**INFORMATION SHOWN**
+ + +
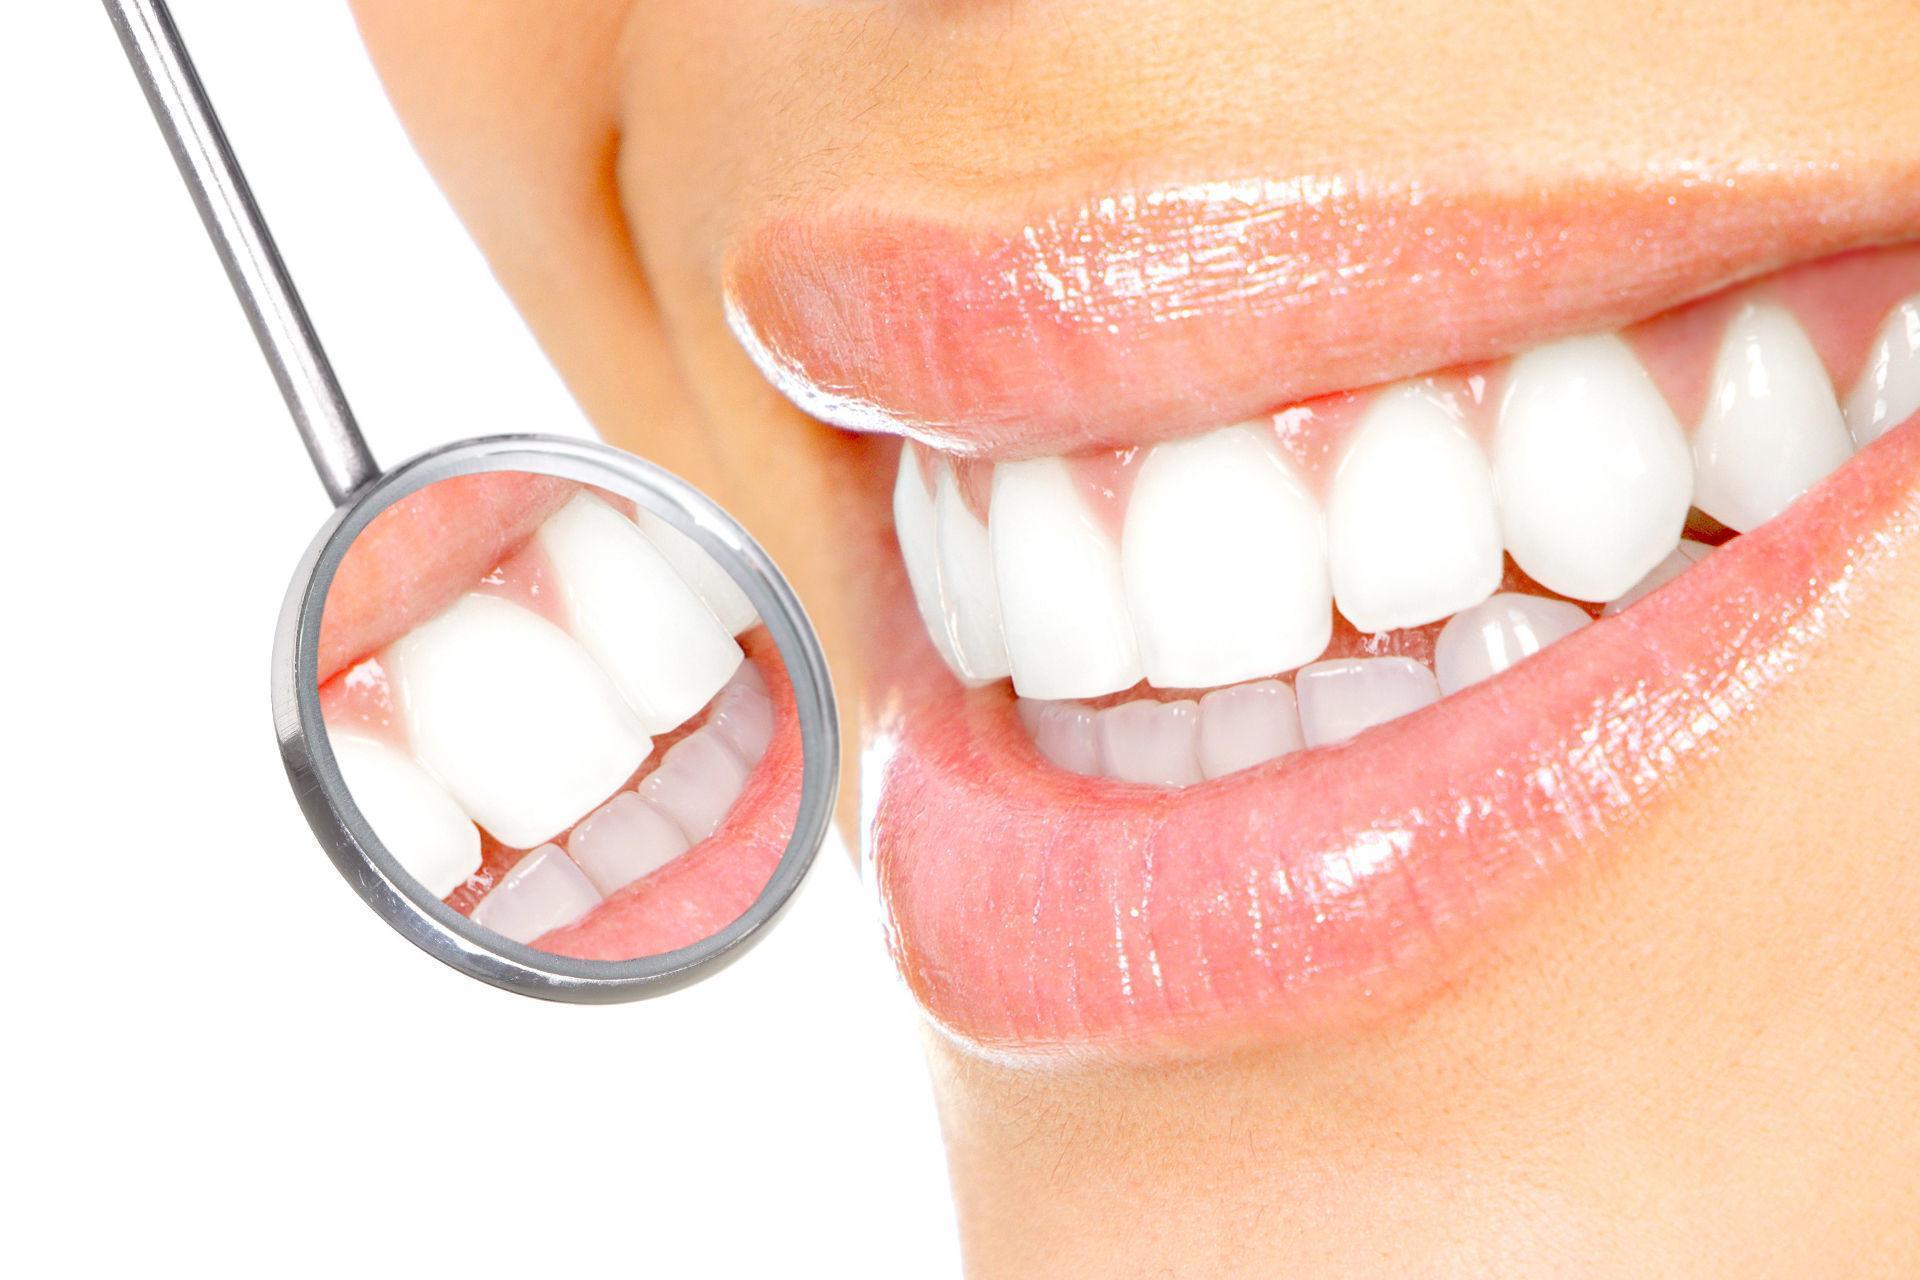 Desgaste do Esmalte do Dente: Sintomas e Tratamentos
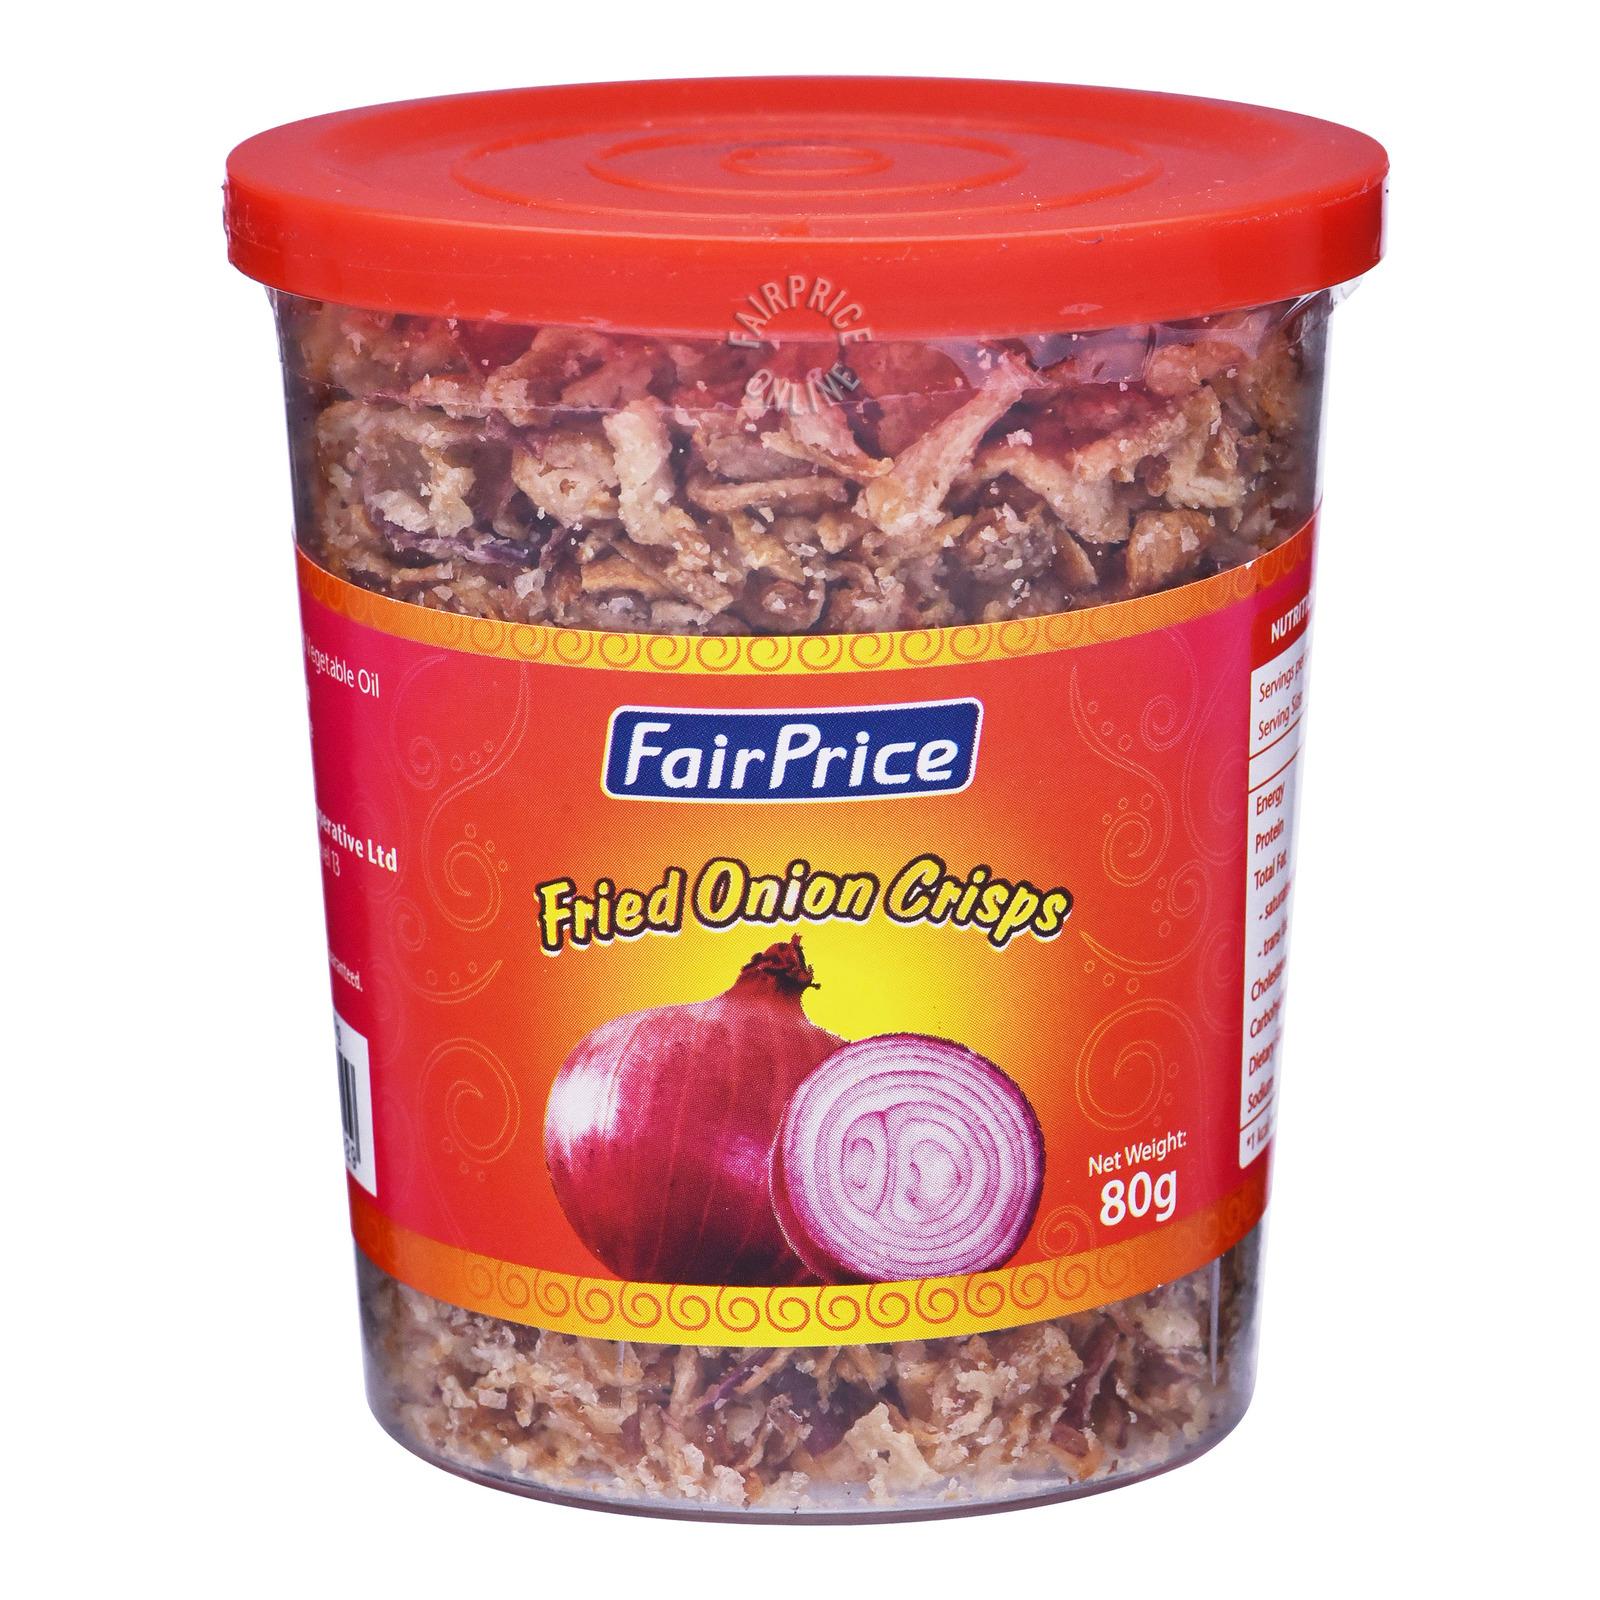 FairPrice Fried Onion Crisp
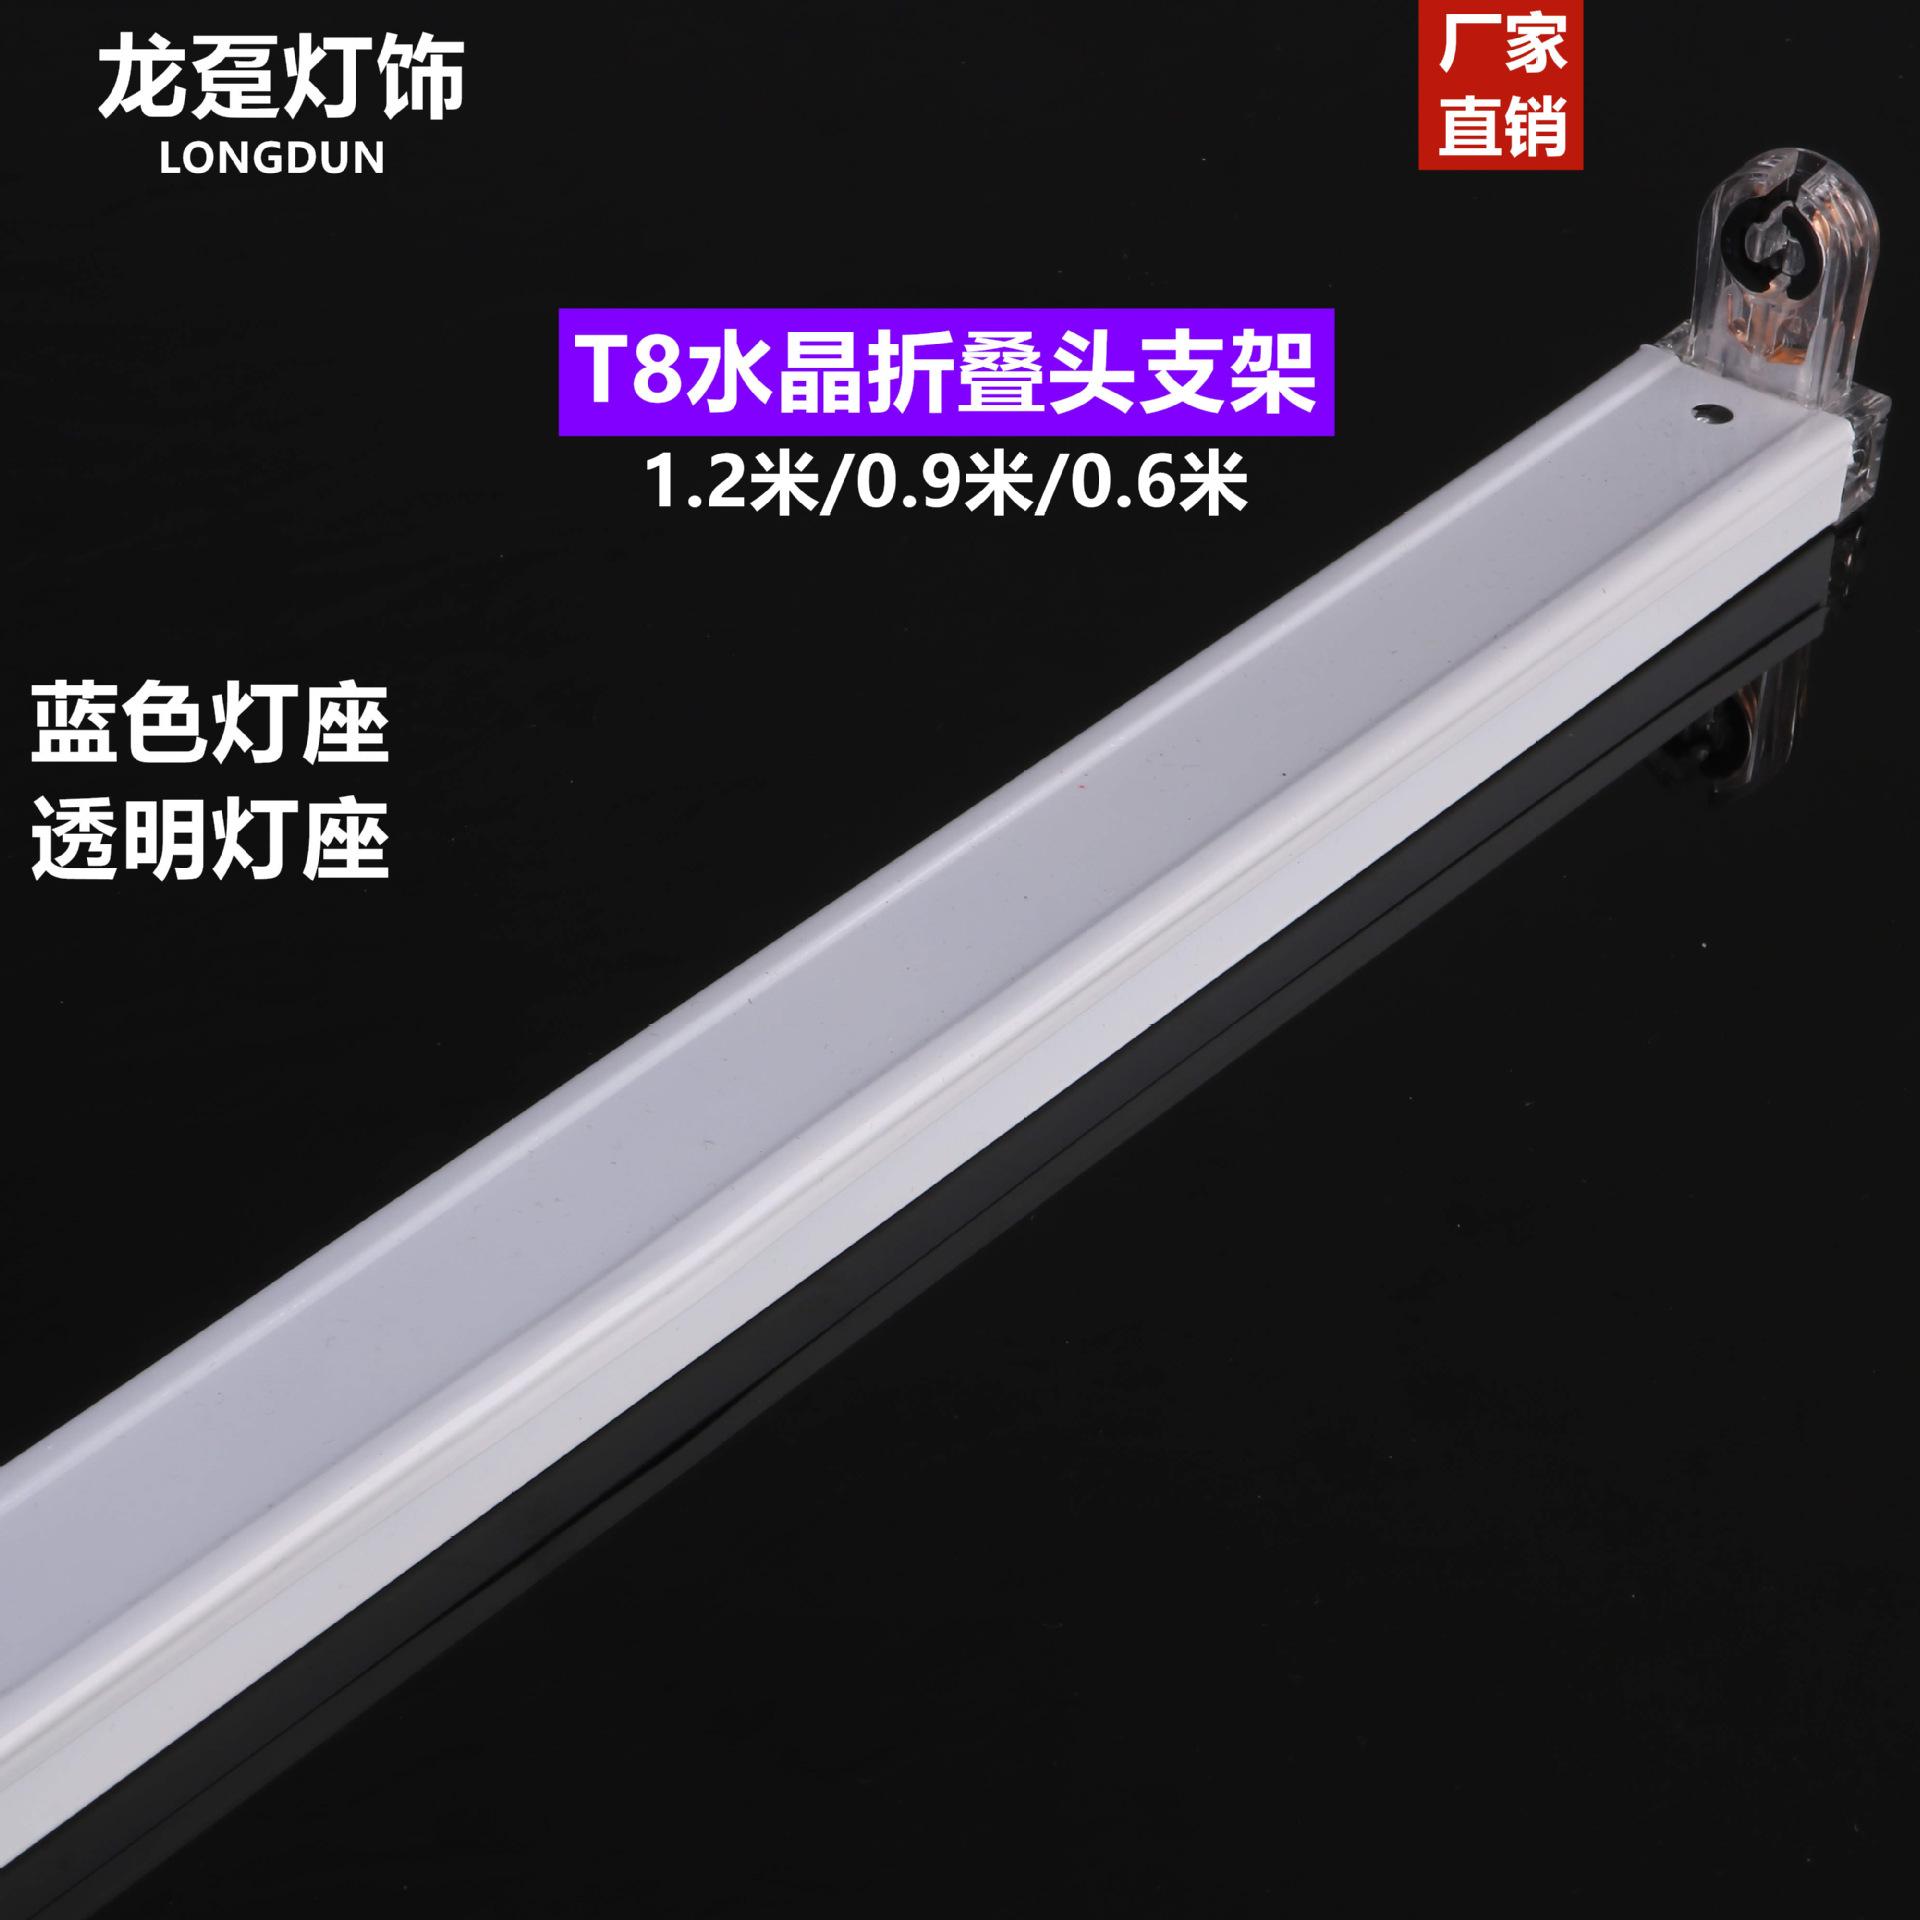 T8水晶头支架蓝色头 透明头支架T8折叠头支架LEDT8支架灯
+ + +
**AIM OF THE EXERCISE**
I'd like the data above duplicated exactly, with no pictures included.

**WRITTEN ANSWER**
 Desgaste do Esmalte do Dente: Sintomas e Tratamentos
 FairPrice Fried Onion Crisp
 T8水晶头支架蓝色头 透明头支架T8折叠头支架LEDT8支架灯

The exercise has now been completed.